Protesters from all over the United States have descended on Philadelphia to demonstrate against the Republican party and Texas Governor George W Bush. Thousands marched through the city streets this weekend to chants like “Hey, hey! Ho, ho!” H.M.O. has got to go!" “What do we want?” “Health care!” Among the activists that are protesting are hundreds, if not thousands, who have taken part in the two major anti-globalization demonstrations that have taken place in the last year against the World Trade Organization in Seattle and the World Bank in Washington, DC.
Two weeks ago Democracy Now! reported that Police Commissioner John Timoney was planning to jail protesters in the Holmesburg prison, Philadelphia’s largest county jail.
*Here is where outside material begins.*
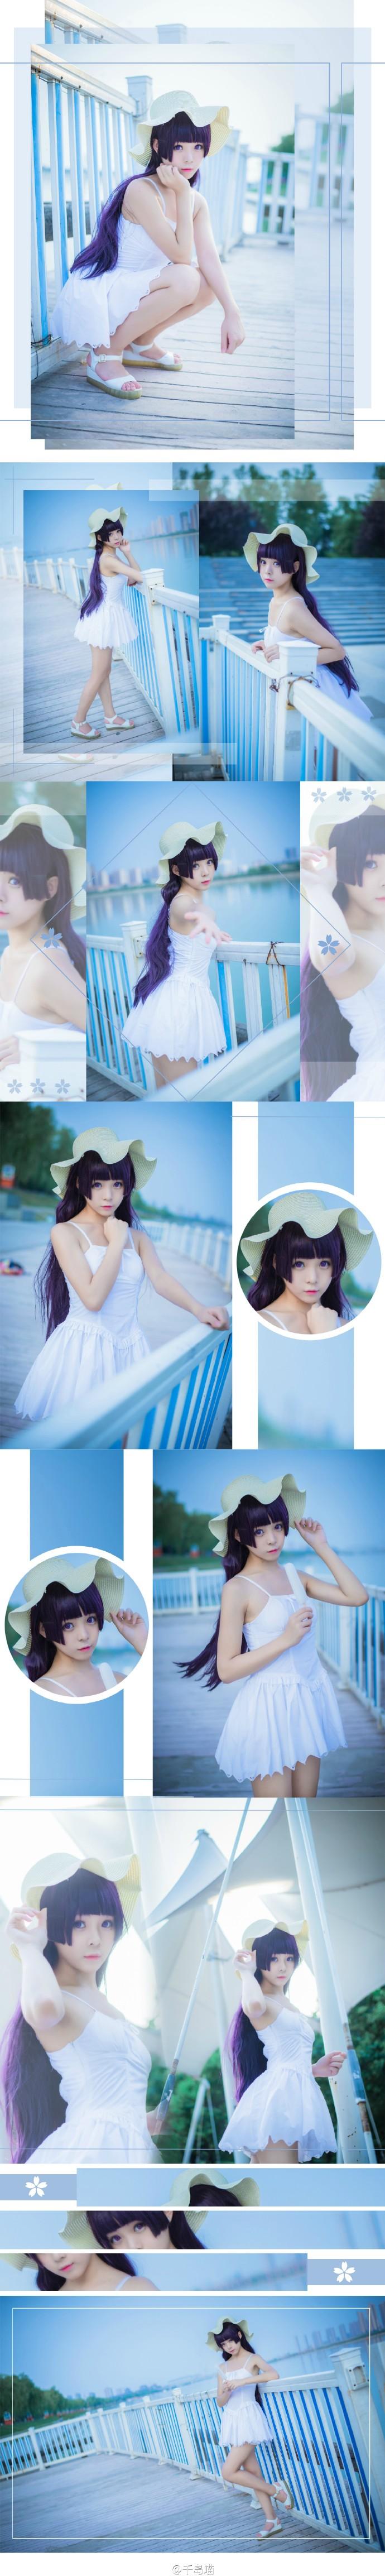 【cos】我的妹妹哪有这么可爱 五更琉璃白裙

The Holmesburg prison however is not just any prison. Holmsburg is infamous for a host of medical experiments that were conducted between the early 1950s and the mid-1970s on inmates in exchange for a few dollars. These experiments ranged from testing products like perfumes and detergents to exposure from chemical weapons and radioactive isotopes.
The case of Mumia Abu Jamal is known around the country. What a short time ago was an issue of just activist communities is increasingly being picked up and pursued by the corporate press. Time magazine, The New York Times and 20-20 are some of the main media outlets that have recently given feature length coverage to Mumia’s case. His innocence or guilt is hotly debated as is the fairness of his trial and the larger issue of the death penalty. And they all seem to agree that justice has been served in the case of Mumia Abu Jamal. Interestingly, the Independent Media Center here in Philadelphia from where we are broadcasting is just around the corner from where officer Faulkner was shot.